I wear make-up almost everyday. And not just the bare bones basics of sunscreen and zit-coverer (but I do wear sunscreen everyday, and so should you!)
I mean I choose between a dozen of eyeshadow colors (all shiny, warm neutrals if you’re interested) and apply two or three colors. I choose an eyeliner, either a brown pencil or a copper crayon and decide how to apply it that day (thin line, smudgy, thick, or continuing beyond the lid). Then I put on mascara – lots of it. I really do put on as much mascara as my poor eyelashes will hold without bothering my contacts. I brush on some rosy pink blush and I’m done!
I’ve always skipped any lipstick/gloss for a variety of reasons, even though I’ve always loved the bold, retro, fifties look that my grandma continues to rock. When I’ve worn lipstick I’ve never liked the shock of color right in the middle of my face (and why wear it unless you’re going to wear a bright color?). I also constantly mussed it up and needed to reapply it. I’d keep doing silly things like eating, or drinking, or fidgeting with my mouth or just generally failing to be a perfectly still plastic doll. I’m also totally grossed out by the idea of how many tubes of lipstick and pots of lipgloss that the average American lipstick-wearer EATS in their lifetime (which is apparently not six pounds, but any more than practically none is gross anyway). Bonnie Bell is tasty, but it is not lunch. I am strongly in the camp of using nice-quality (with sunscreen!) lip balm when you actually need lip balm and just leaving your poor lips alone the rest of the time. Because you love them for god’s sake.
I often accompany this thoughtful look (chosen to compliment my green eyes and to not clash with my blue under eye-bags) with the decided hippy-dippy look of unshaven legs. Which really, should just be called, “legs.” But when you say it like that it sounds so much less, well, exciting and indicative of my strong take on feminist matters. I gave shaving up for good this past spring when when I began lamenting the end of our six-month long winter because it meant addressing this annoying chore. And that’s just outright madness. Nothing should stop spring from being a pure joy around here. So I figured I could either continue to suffer under this ridiculous (to me) cultural restraint or not. So baby, my leg hairs are free and long. And you know what? They actually became a lot less noticeable once they hit the eight-month mark. When the hairs are as long as they are going to get they lay flat and smooth and just sort of softly disappear. My legs don’t feel baby-bottom smooth, but they’re not prickly, they don’t look gorilla’s legs, and they’re no grosser than arms with hair.

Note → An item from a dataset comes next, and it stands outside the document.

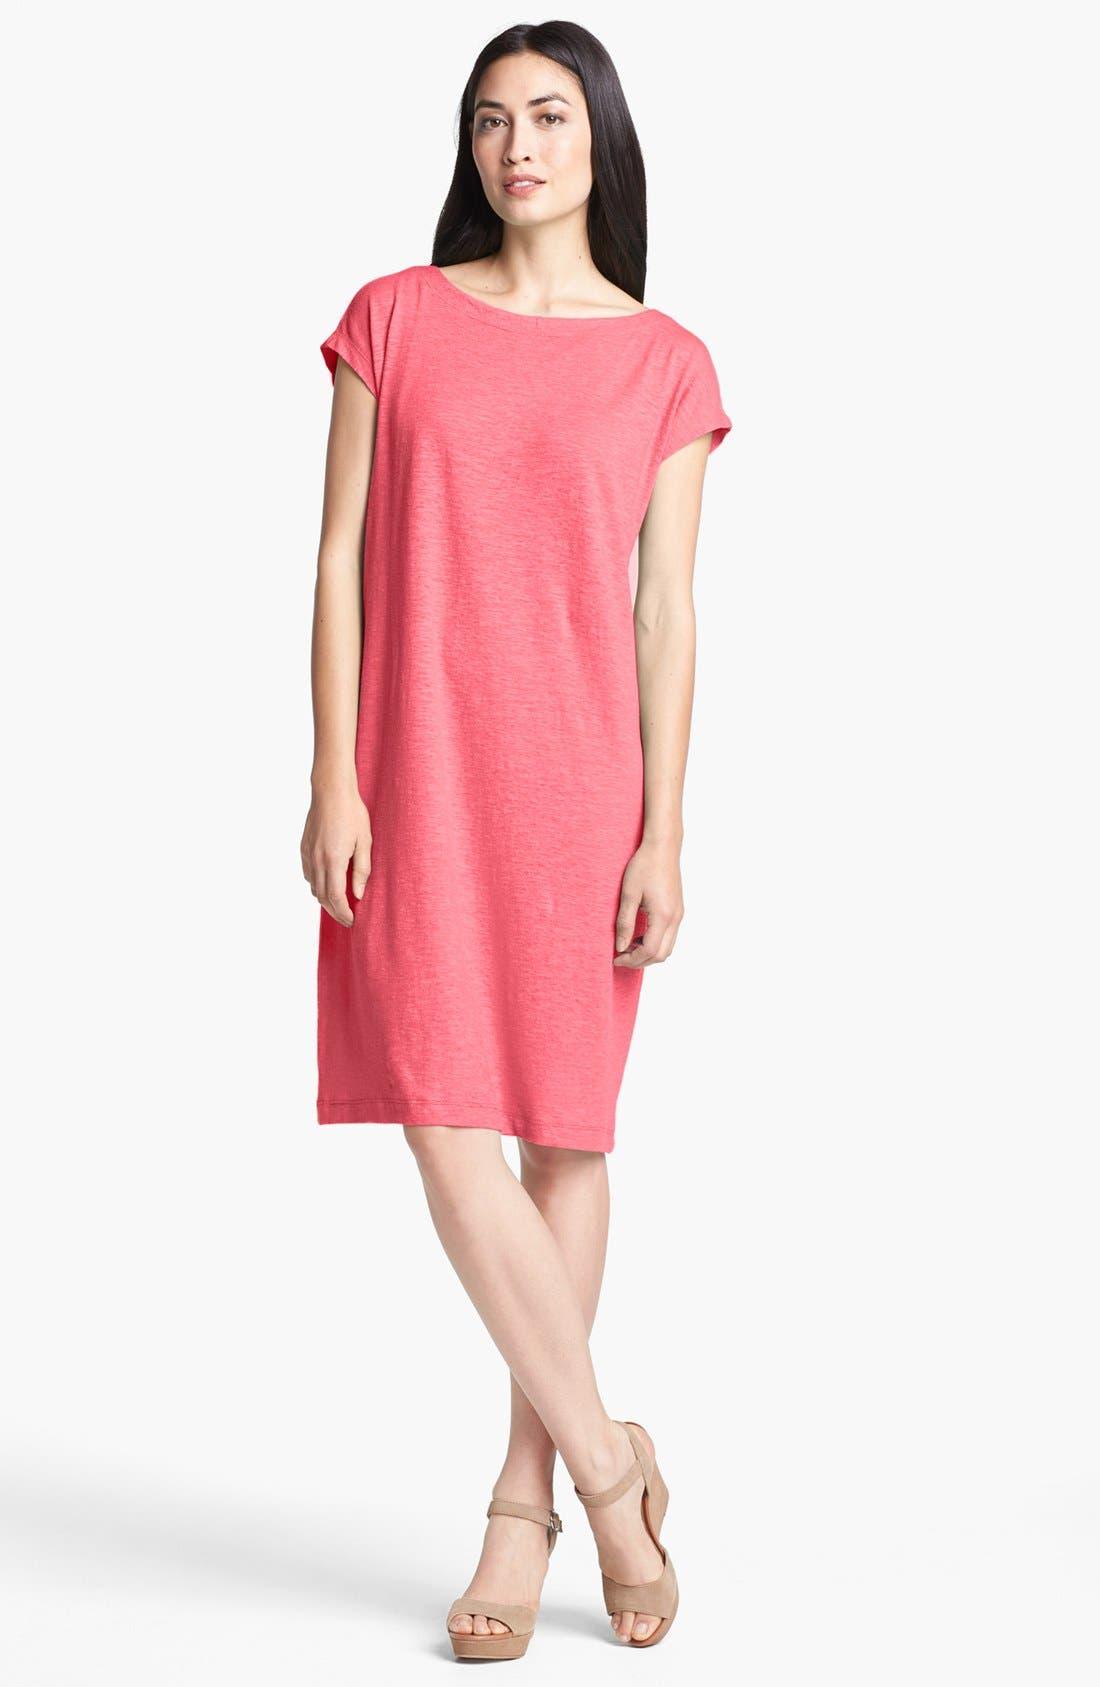 Alternate Image 1 Selected - Eileen Fisher Ballet Neck Dress
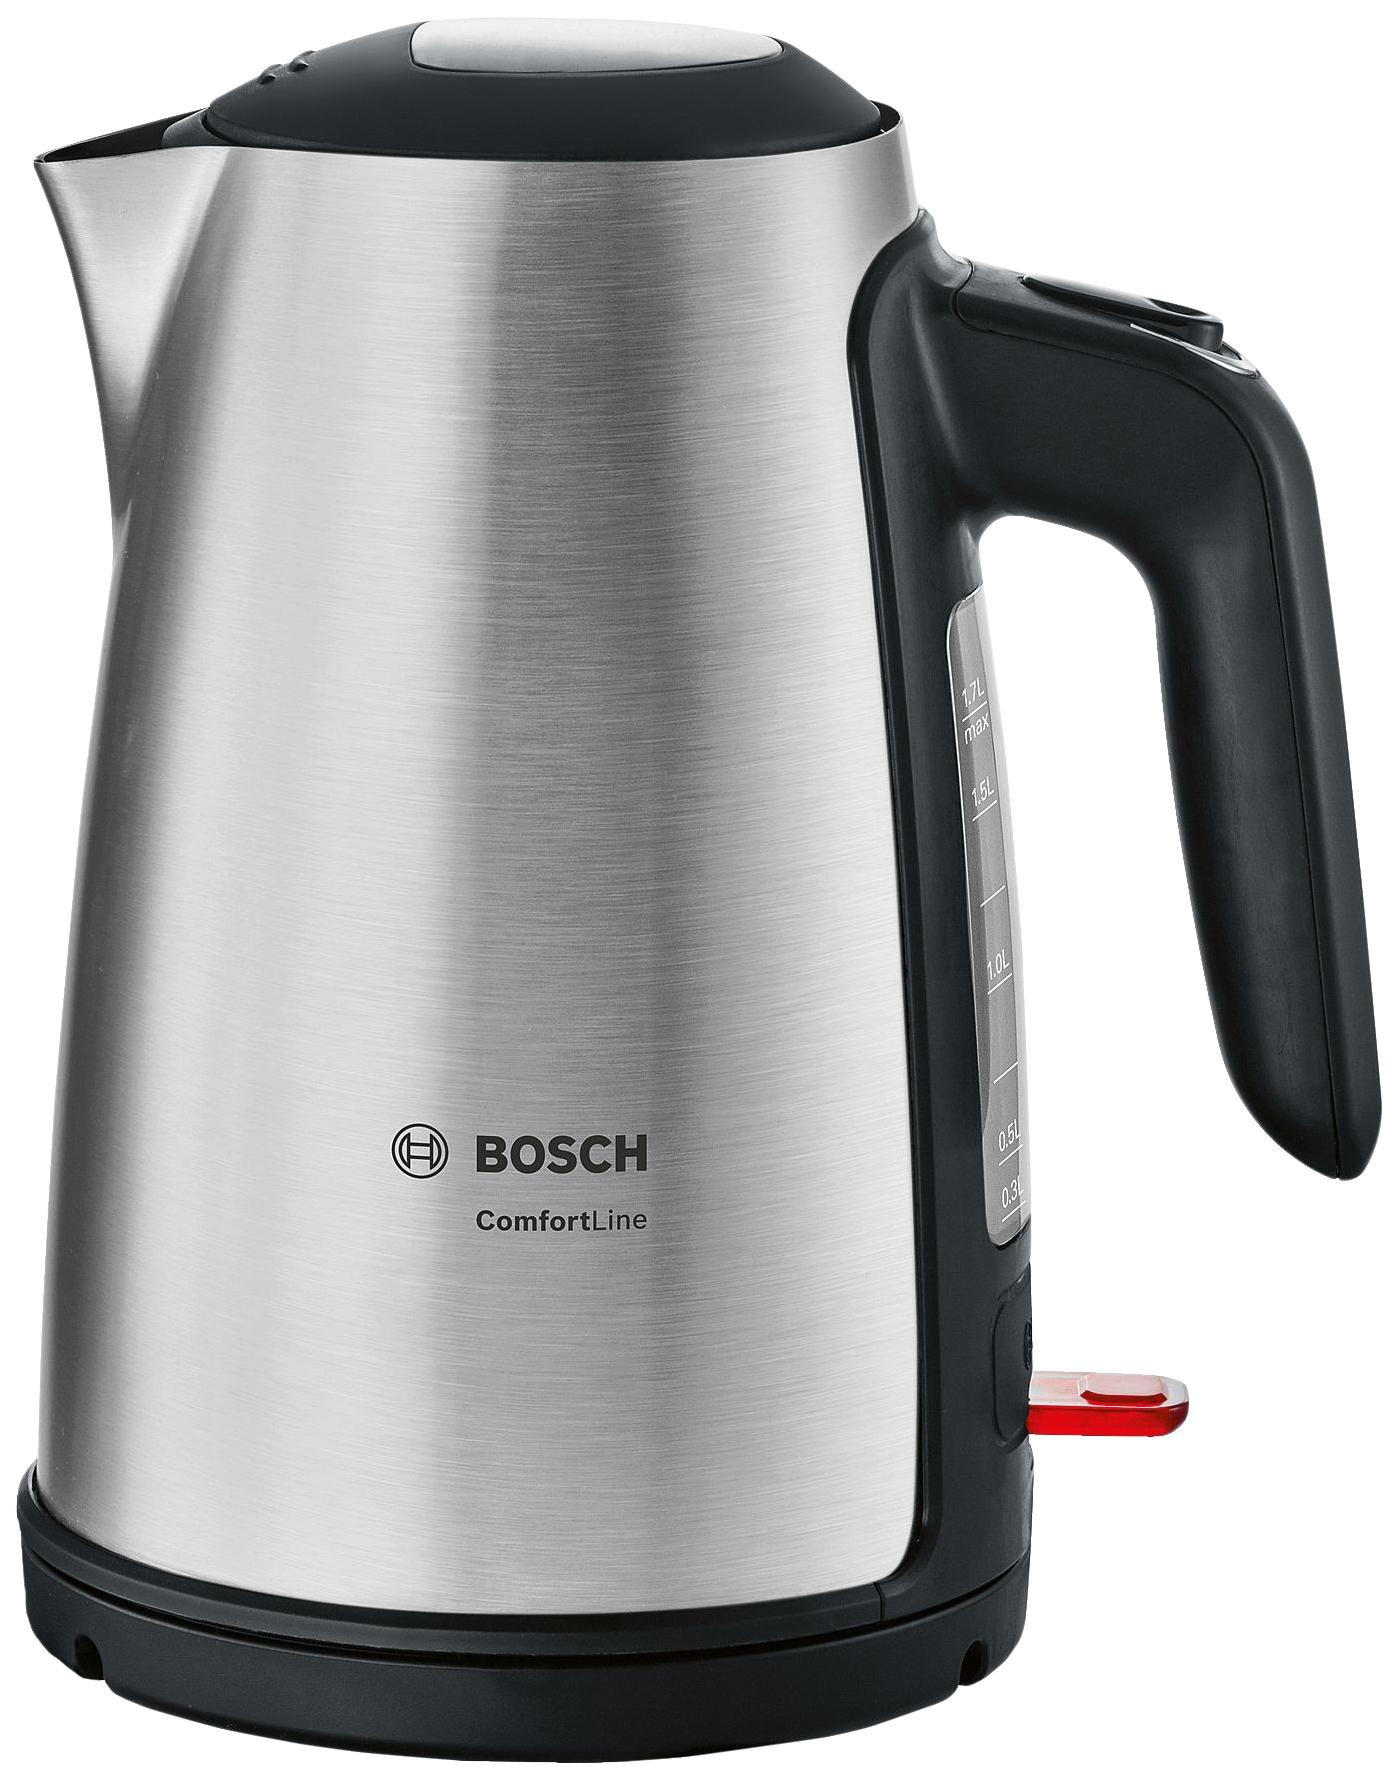 Чайник электрический Bosch ComfortLine TWK6A813 Silver фото

So why do you care about my morning beauty routine and the hirsuteness of my limbs? Because many of the same cultural forces that tell women to wear make-up tell them to shave their legs (and to do it at least every 48 hours or be a gross monster). Conversely, some people who honestly want wonderful freeing things for women tell them to never ever wear make-up or ever dare to remove a hair from their body and to start loving herself exactly the way she is. Both of these instructions are flawed! Why do women need to be told how to be women properly? By simply existing women are successful at being women! I wear make-up because I like it and I don’t shave my legs because I don’t like it. Though these are just silly, external, and cosmetic decisions I get to make them all on my own, without half of society chiming into offer their own misogynistic opinion. Wouldn’t it be great if that same principle were applied to the other decisions women make in their live? If women could make desicions about reproductive health, sexual preference, career paths, motherhood, or even how they dressed in the morning without everybody and their mother having an opinion about it and feeling the need to voice it?
There isn’t one path to equality. Some women will choose to wear make-up, some will choose to not wear make-up. There isn’t a woman who fulfills some feminist ideal. Some women will choose to be stay at home moms for a few years, some for many years, some for just a few weeks. Some women will choose to never become moms. There is no form of the feminist. Some women find a sharp blazer fits them best, some women a bikini, and some a flowy Earth Mother dress. If feminism ever does it’s job, if we ever get to a place where we don’t need it anymore, then the world will be filled with women who are free to make all life’s choices and to face the consequences like men. Men (at least white, heteronormative men) are judged by the motivations that led to their actions and the consequences that flowed from them rather than how hot they looked performing said action.